6.15.2015

Chivalry on the Dodgeball Court

(From the Commons)


A few weekends ago, I played dodgeball for the first time in ten years. You know the game - where you get to throw rubber balls at high velocity towards unsuspecting faces - that is being phased out of elementary schools because of its violence. My Saturday morning was filled with a bunch of (mostly) twenty-something-year-old guys maintaining no-holds-barred chaos, and it reminded me of all the great elementary recesses on the playground spent hurling little green balls at friends and enemies alike. It was a time when accurate aim was as important as academic success. But as I was running around in my headband, tank-top and short shorts, frantically ducking, dodging, and counterattacking, now with fifteen more years of life experience, I was reflecting on how playground dodgeball taught me life lessons that I still rely on.

C.S. Lewis penned a great essay called “The Necessity of Chivalry”, in which he said that a knight was a man who was both “fierce to the nth” and “meek to the nth.” A good knight knew his manners while banqueting with the royal ladies, and yet could cooly dual-wield battle axes in the gate of his castle as the invaders approached, ready to cleave barbarian limb from torso. A properly chivalrous man - that is, a true knight - needed both fierceness and meekness. More than that, he needed to be able to embody the extremes of both at the appropriate times instead of straddle some Aristotelian Golden Mean (wiki); acting macho 24/7 makes one perpetually brutish, while erring the other way produces effete doormats. 

What does this have to do with dodgeball? 

Playground and PE dodgeball was invariably co-ed, and one of the qualities that a good game of dodgeball teaches young boys is the tact to treat others respectfully, according to their ability. Some unwritten rules kept everyone in line: 
  • Don’t throw hard at girls. 
  • Throw the softer balls at the girls if you have a choice. 
  • Girls who (hopefully accidentally) get hit in the head, stay in. 
  • If a girl throws a ball at you, work to dodge rather than catch it, because catching it will get her out. 
  • If you have two balls, give one to the girl next to you so she can defend herself. 
  • If some chump opposite dares to hide behind the girls on his side, it’s your whole team against him.
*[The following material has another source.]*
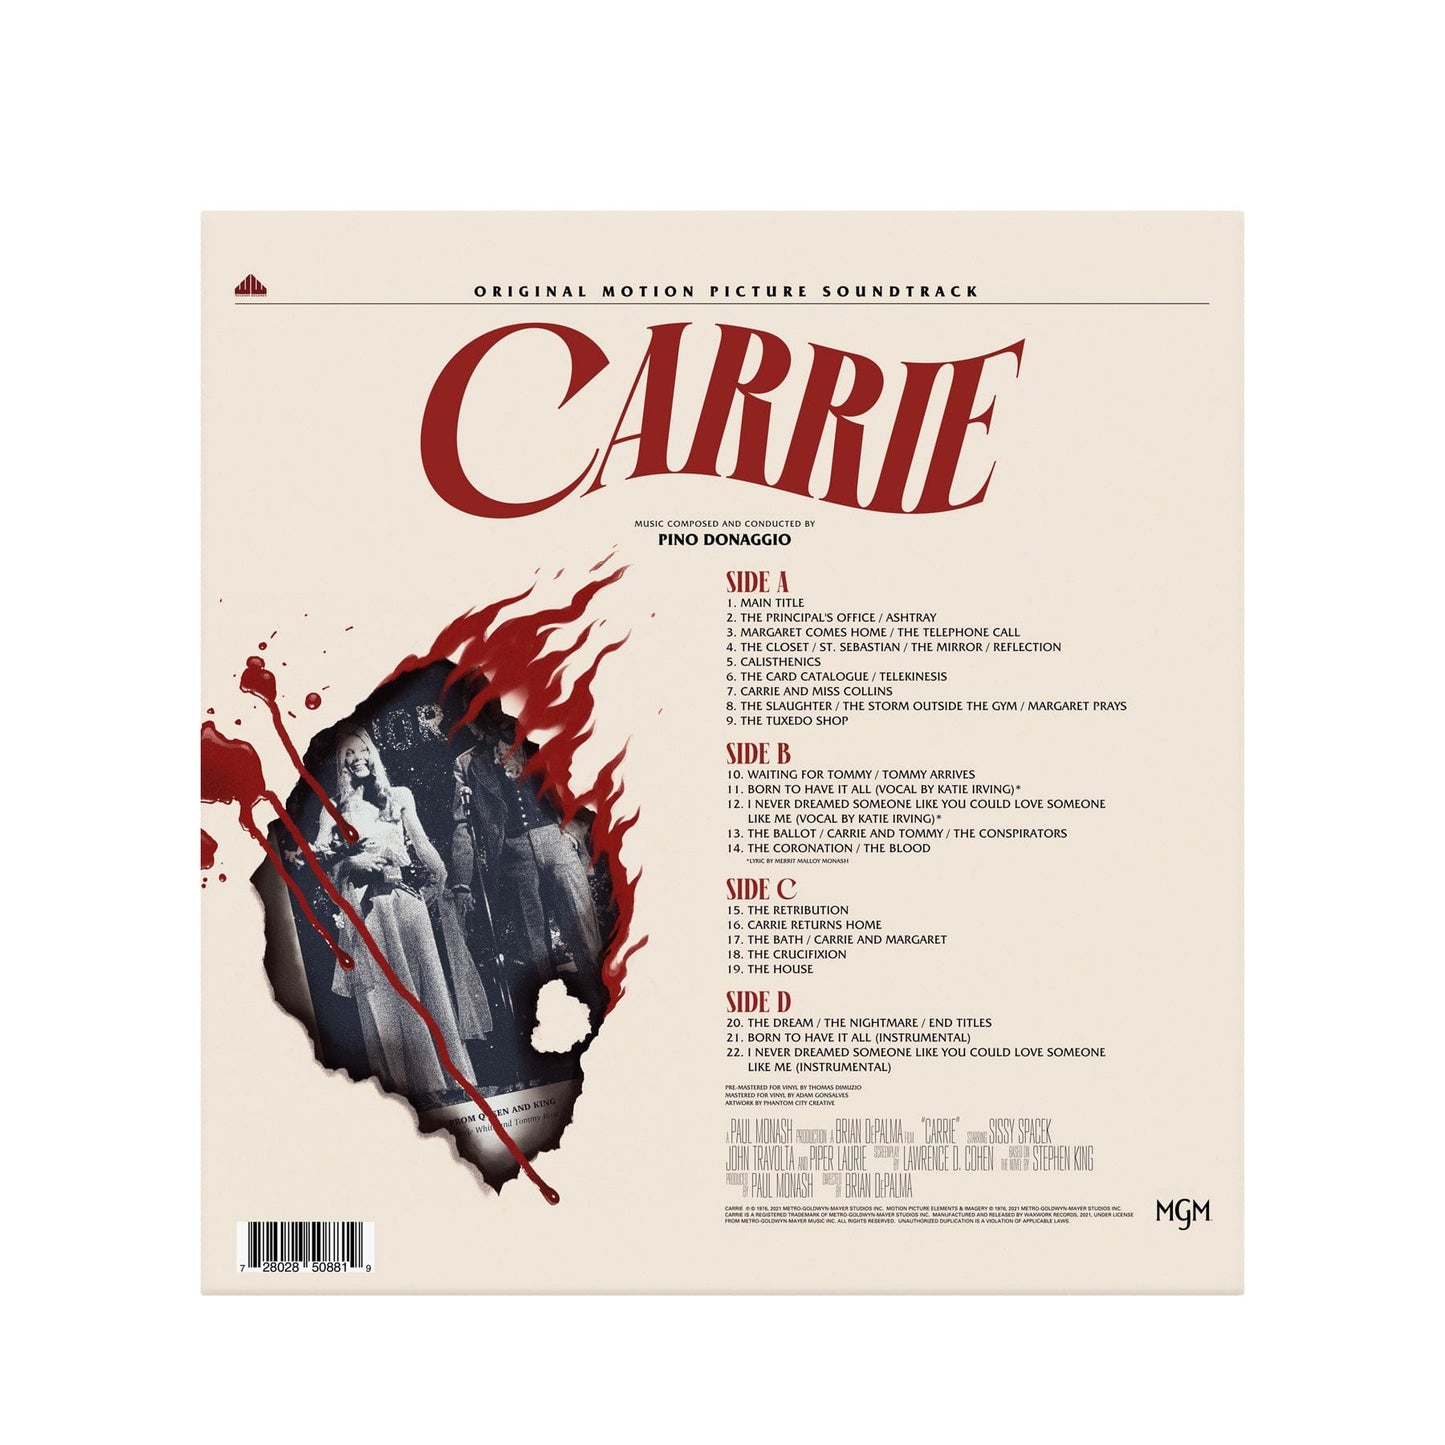 WW118 - Pino Donaggio - Carrie Original Soundtrack

It was honorable for us boys to play like this, and the girls seemed to appreciate our efforts to include them while keeping them safe. Along with this code of meekness  - the “rules of the banquet hall” - was the code of the battlefield. Dodgeball is like war, after all, and it’s a great game for boys because it respects different skill levels. Is it fair to call it a playground equalizer? Being able to throw a ball hard was one thing; being accurate was another. Both of those skills were on par with being able to catch anything that came to close to you. Having a cannon of an arm wasn’t everything; if you could take a rocket to the chest and hold onto it, you were a god for the rest of the afternoon. 
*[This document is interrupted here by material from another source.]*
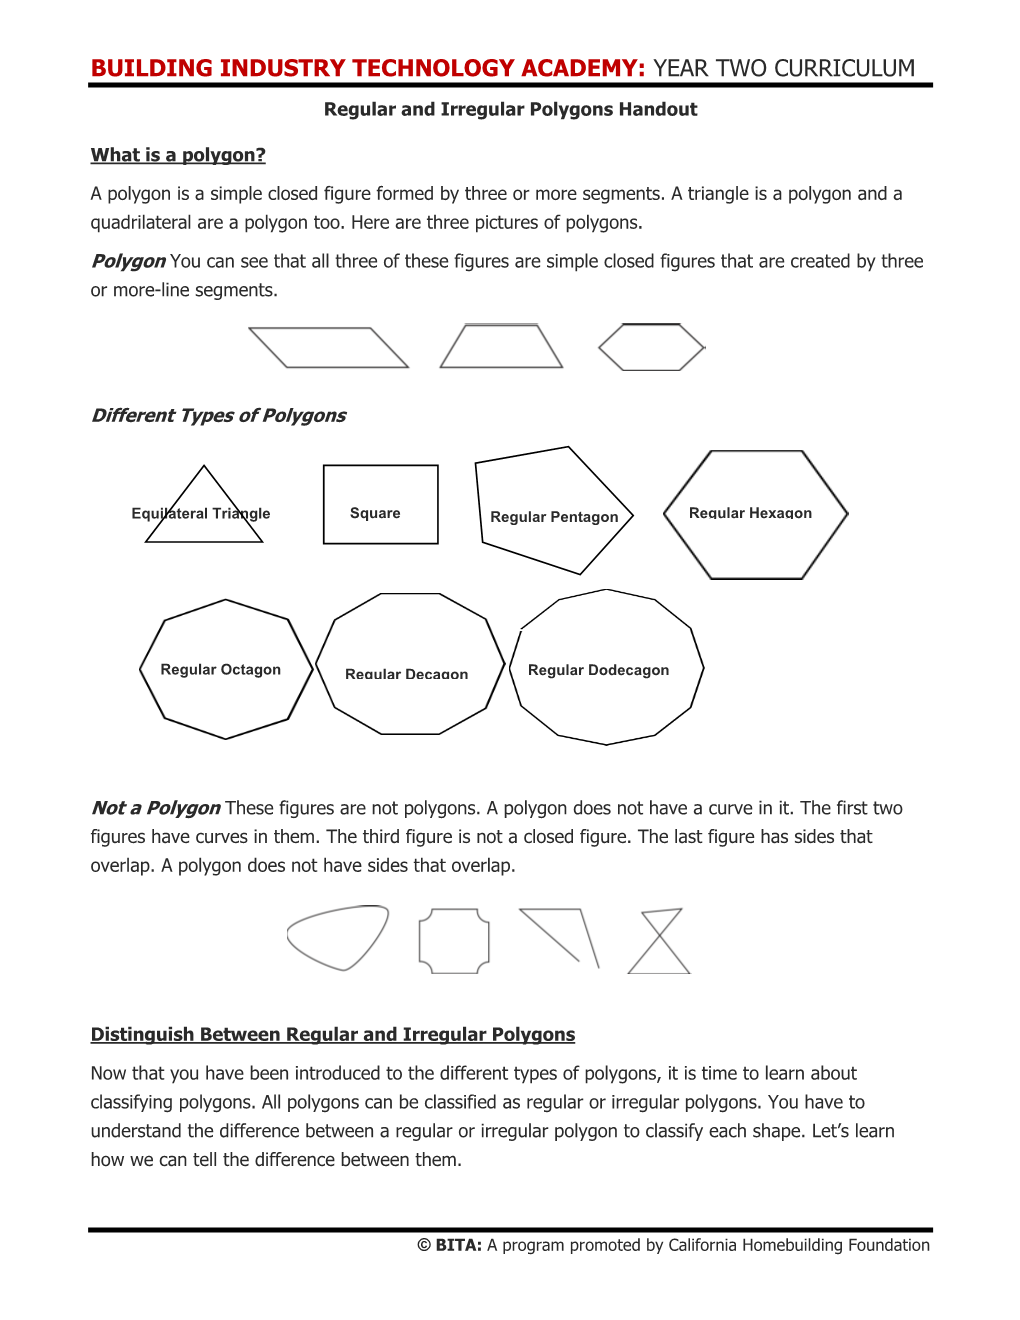 Regular and Irregular Polygons Handout

(Another one from the Commons)

Size differences were equalized, too. Bigger boys might be forced to try to catch balls that the smaller and/or more flexible ones could dodge, and a team needed those different members, like how it says in the Bible, “the body does not consist of one member but of many...The eye cannot say to the hand, ‘I have no need of you,’ nor again the head to the feet, ‘I have no need of you.’” Every knight needs a squire or two!
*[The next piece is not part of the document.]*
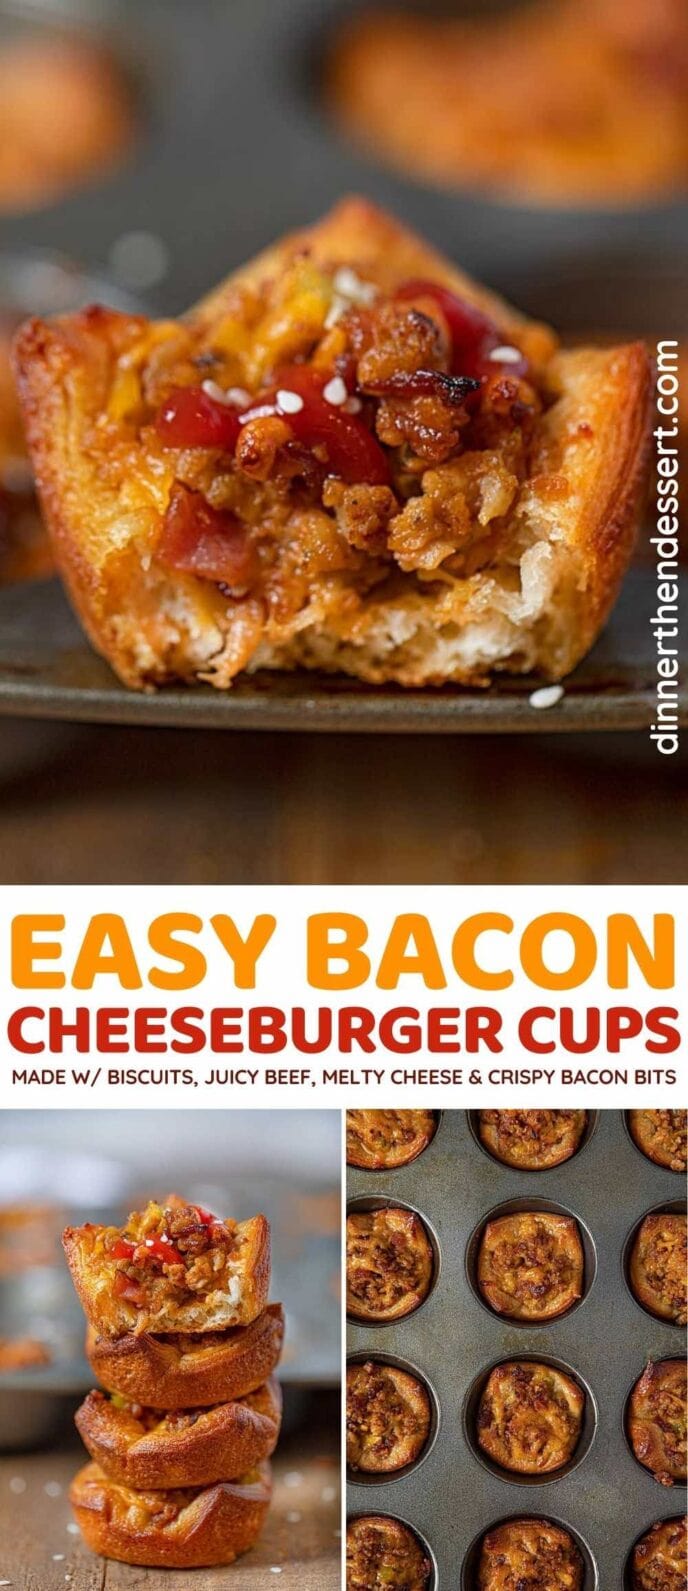 Bacon Cheeseburger Cups collage

Dodgeball was also a lesson in humility. Lots of balls are all flying at once, coming from every direction, and there were times when I was so focused on heavy artillery that the most diminuitive effort from the shy guy in the corner would bounce off me! There’s no point in making a fuss over it - “all’s fair in war” and all that. The tough guys were naturally the most targeted, and it was the aim of every boy to guide his orb into the nose of the class powerhouse. This taught tact, too. Being an honest loser was as important as being a valiant attacker.

Tough guys or not, dodgeball illustrated that people of all different body types and abilities were valuable to a team. Attitude mattered more than ability. You could have the strongest arm on the playground, but if you had no discretion as to how hard you threw and at whom, you were a jerk. Girls and boys were different, and there was honor in treating boys and girls differently. As dodgeball games are increasingly discouraged or banned in school recesses across the country, I can’t help but wonder if we are losing something that teaches boys how to be chivalrous - how to be respectful when appropriate and fierce when appropriate. Lewis knew what he was talking about.



(As an aside, the recent Fallon Fox controversy highlights this loss well. There’s nothing honorable in how Fox is acting, but it’s generating publicity. Female opponents are hesitant to speak out because any publicity in professional fighting is good news for the viewing numbers. Someone needs to admonish Fox back into acting honorably, but that is isn’t the focus of this post.)